Where it started: SpectroStream and Magenta RT #

It all began with a paper: SpectroStream, a neural audio codec from Google that compresses 48 kHz stereo music into discrete tokens. It’s the codec behind Magenta RealTime, Google’s open-weights model that generates music in real time as a stream of audio tokens.

I was curious. Could I make “concepts sound”? Could a phrase, a paragraph, a story generate its own music? And, since I had AWS credits for Inferentia2 instances, could I port Magenta RT to Inf2 as a learning project?

So I did what I always do: research first, credits later.

The Inf2 rabbit hole #

The feasibility research on porting Magenta RT to AWS Neuron was fascinating, and humbling. The short version:

Magenta RT is a three-model pipeline (a style embedding model, a T5-style encoder-decoder LM with a nested autoregressive decoder, and the SpectroStream codec), trained in JAX, hitting a real-time factor of 1.8x on a single NVIDIA H100. Not a huge margin to play with.

Neuron, on the other hand, compiles everything ahead of time to fixed shapes. No lax.cond. Static while_loop only. And the nested autoregressive decode is exactly the worst case for that compilation model. Even Trainium2 doesn’t help: the hardware supports more, but the compiler doesn’t expose it yet.
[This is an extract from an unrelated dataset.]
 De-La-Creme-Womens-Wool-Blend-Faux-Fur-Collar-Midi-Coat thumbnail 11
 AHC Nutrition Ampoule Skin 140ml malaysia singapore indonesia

I ended up with a six-phase spike plan, complete with go/no-go gates and a strategic fork at phase 3: stay in JAX and fight the compiler, or reimplement the LM in PyTorch on NxD Inference. A proper research project. Months of work, realistically.
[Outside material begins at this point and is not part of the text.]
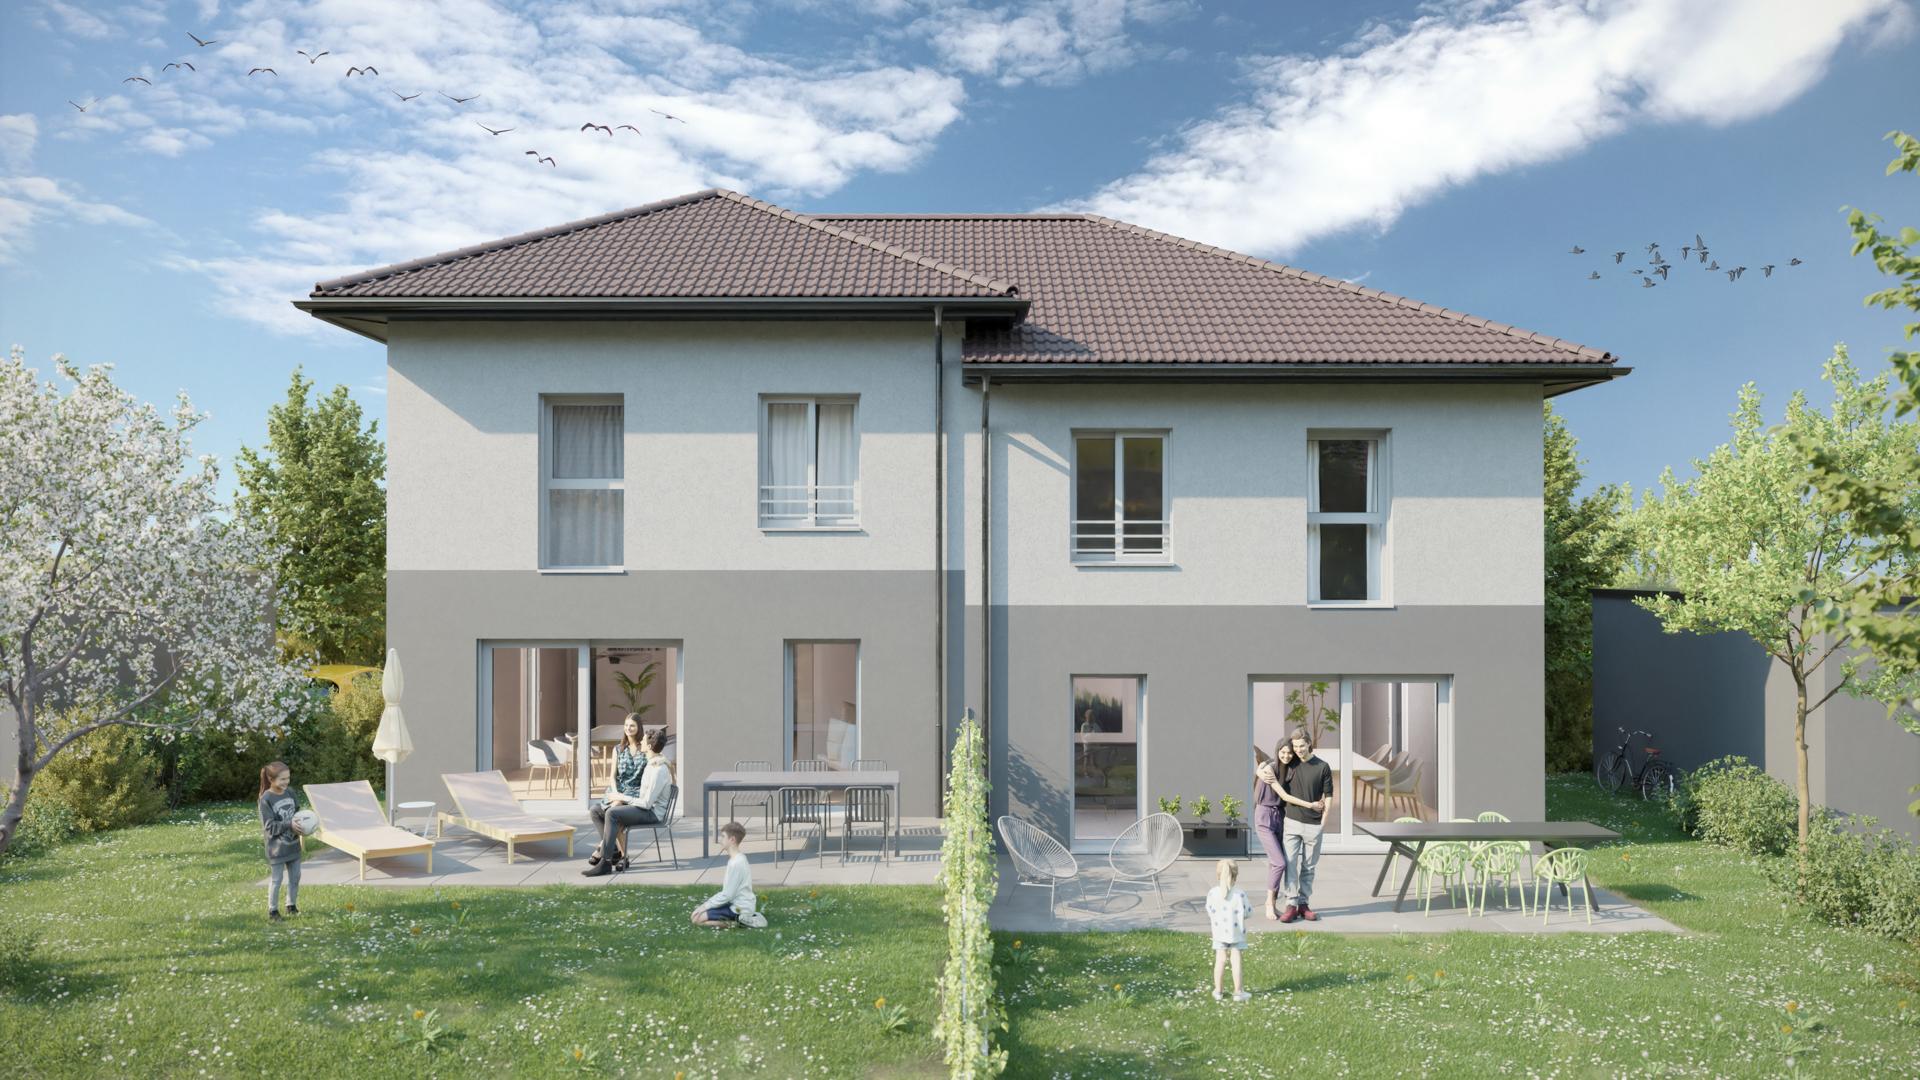 Vente Maison de 5 pièces 100 m² - VOUVRAY 01200 | IMOGROUP CHATILLON EN MICHAILLE - IMOGROUP photo2

{{< alert “circle-info” >}} Lesson number one, which I keep relearning: the cheapest experiment is the one that kills the project fastest. Front-load it. {{< /alert >}}

And while staring at that plan, a question crept in: what did I actually want to build?

The idea shifts: a story that generates its own music #

What I wanted wasn’t “Magenta RT on Inf2”. That was the means, not the end. What I wanted was this: you open a book, you start reading, and music plays underneath. Not a playlist. Music generated from the text itself, evolving as the story does. The highlight follows your reading, the mood follows the highlight.

The key insight was that this doesn’t need true real-time generation at all. Reading a paragraph takes 10 to 20 seconds. If you can generate the next chunk of music faster than the reader finishes the current one, you can buffer ahead and the illusion holds forever. I called it “fake realtime”.

Suddenly, I didn’t need an H100. I didn’t need Inf2. I needed something that generates music slightly faster than people read.

Prototyping on the laptop #

First attempt: MusicGen, Meta’s text-to-music model. Vanilla AudioCraft falls back to CPU on a Mac (no MPS support for MusicGen), but there’s an MLX port that runs natively on Apple Silicon. On my MacBook M5 with 16 GB, the small model hits about 0.8x real-time. Slower than playback, but with buffering? Workable.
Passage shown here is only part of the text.